Your staff knows data is critical — but how many in your organization understand how to leverage it? Explore strategies to close this critical data literacy gap.
According to the Data Literacy Project, 76 percent of key business decision-makers aren’t confident in their ability to read, work with, analyze, and argue with data. For associations, this confidence gap creates a critical challenge between having data and actually using it to drive meaningful business decisions. The challenge isn’t just about technology — it’s about transforming organizational culture to embrace data as a strategic asset.
This insight emerged from the recent Data Analytics Network webinar, “Bridging the Data Literacy Gap,” where a panel of association professionals discussed the pitfalls of poor data practices and the opportunities of getting data literacy right, featuring Tori Miller Liu, MBA, CIP, FASAE, CAE, of the Association for Intelligent Information Management; Reeda Kindred of the National Association of Mutual Insurance Companies; Wes Trochlil of Effective Database Management; and Justin Scott, Ph.D., CAE, of the Metals Service Center Institute.
Data literacy encompasses the ability to comprehend, analyze, evaluate, use, and communicate data effectively. But for associations managing complex member relationships and diverse content streams, this definition needs expansion. Data literacy is not just about having access to data; it’s about empowering individuals at all levels of an organization to work with data confidently and competently.
Information literacy extends this foundation to handle the “dark data” that exists outside tidy databases — invoices, reports, emails, social posts, and multimedia content. This unstructured information often contains the most valuable insights for association leaders.
Think of it this way: While data literacy gives you the foundation to work with organized membership databases, information literacy equips you to navigate the much larger universe of unstructured content your association generates daily.
Our webinar discussion revealed four critical barriers that prevent organizations from becoming truly data driven:
Start at the top: Data literacy must be championed from leadership. Model data-driven decision-making and create expectations for research-based decisions. Consider hosting a “data science fair” to celebrate data-driven achievements and build safe spaces for experimentation.
Make it official: Include data literacy expectations directly in job descriptions and new employee onboarding. This normalizes data skills as part of everyone’s role, not just the domain of technical experts.
Document everything: Clear documentation is essential for establishing shared definitions. As one panelist emphasized, “Documentation and training is admittedly ‘eating your vegetables’ work, but essential to success!” Use tools like your existing AMS reporting features or screen recording software to document processes and definitions.
Bridge the analysis-to-action gap: As a webinar participant noted, “The ability to translate business need to data, and data to business need is critical.” Make data reports conversation starters in meetings, require action items from insights, and document decisions made based on data analysis.
How do you know if your data literacy initiatives are working?

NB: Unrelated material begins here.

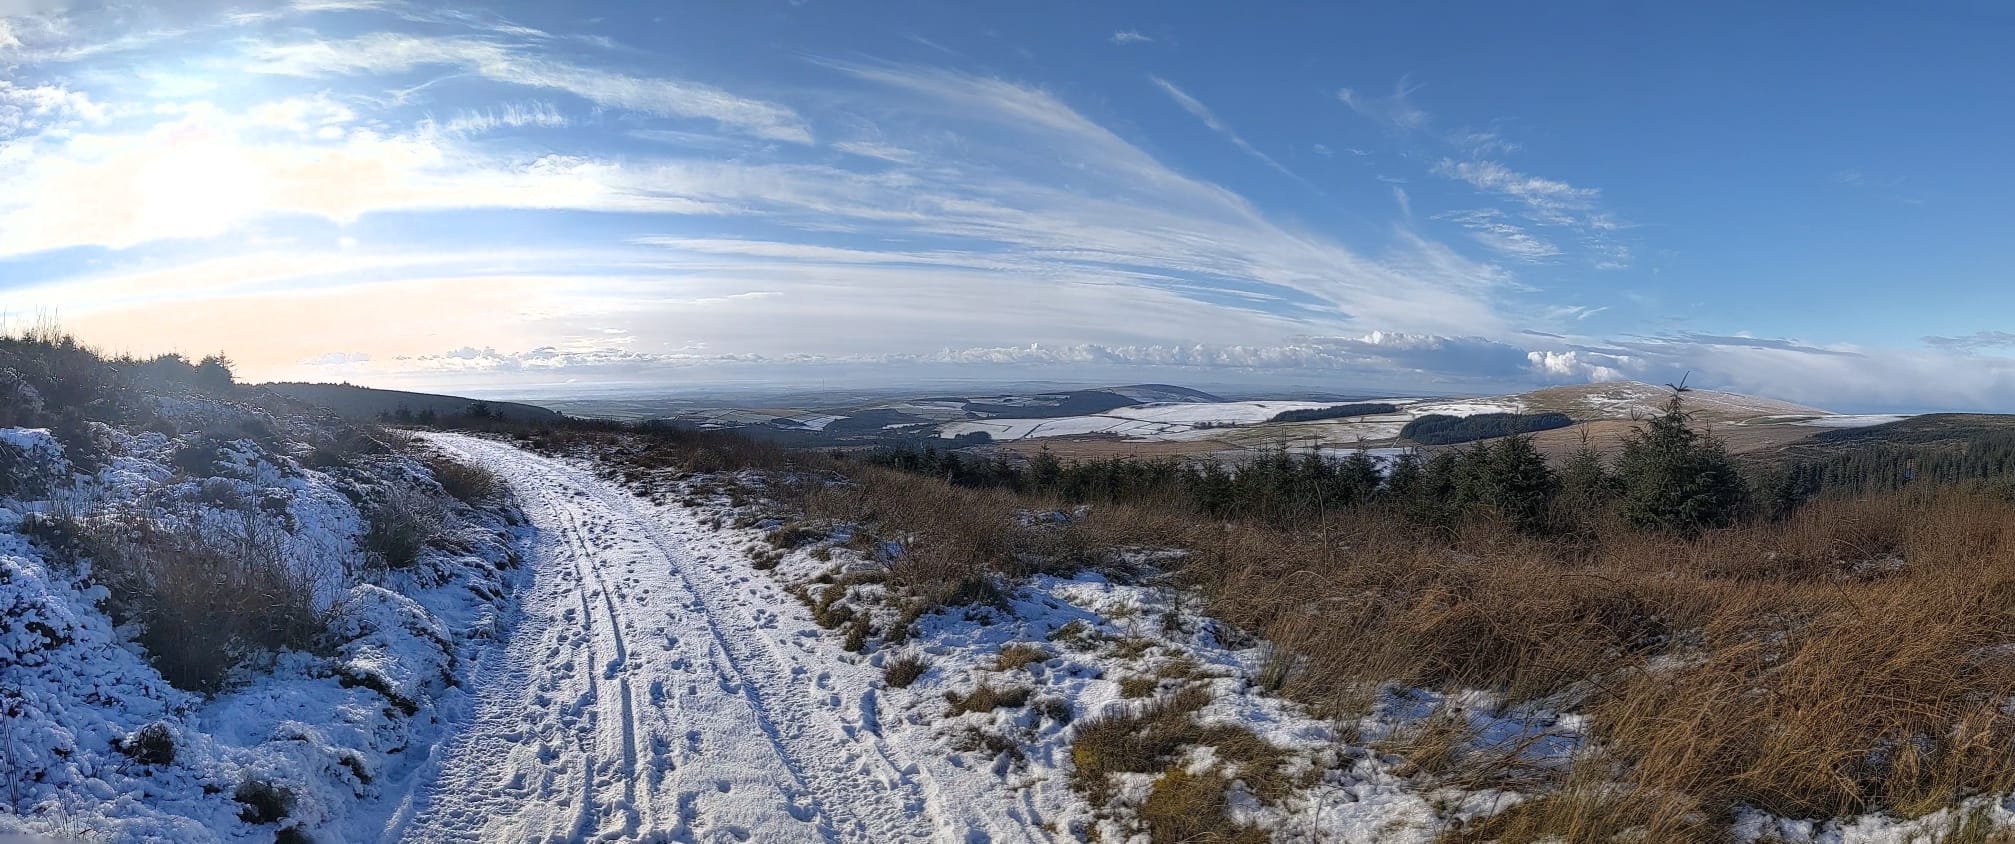 Snow in the Preseli Mountains, Wales

Consider tracking staff confidence levels with data, dashboard usage, time to decision-making, and most importantly, actions taken based on data insights.
Remember, breaking down barriers to data literacy isn’t just a technical challenge. It’s a cultural transformation requiring deliberate action at every level. The path forward involves building confidence through curiosity rather than data expertise, establishing clear definitions everyone understands, accepting that perfect data is less valuable than actionable insights from good data, and creating systems that bridge the gap between analysis and action.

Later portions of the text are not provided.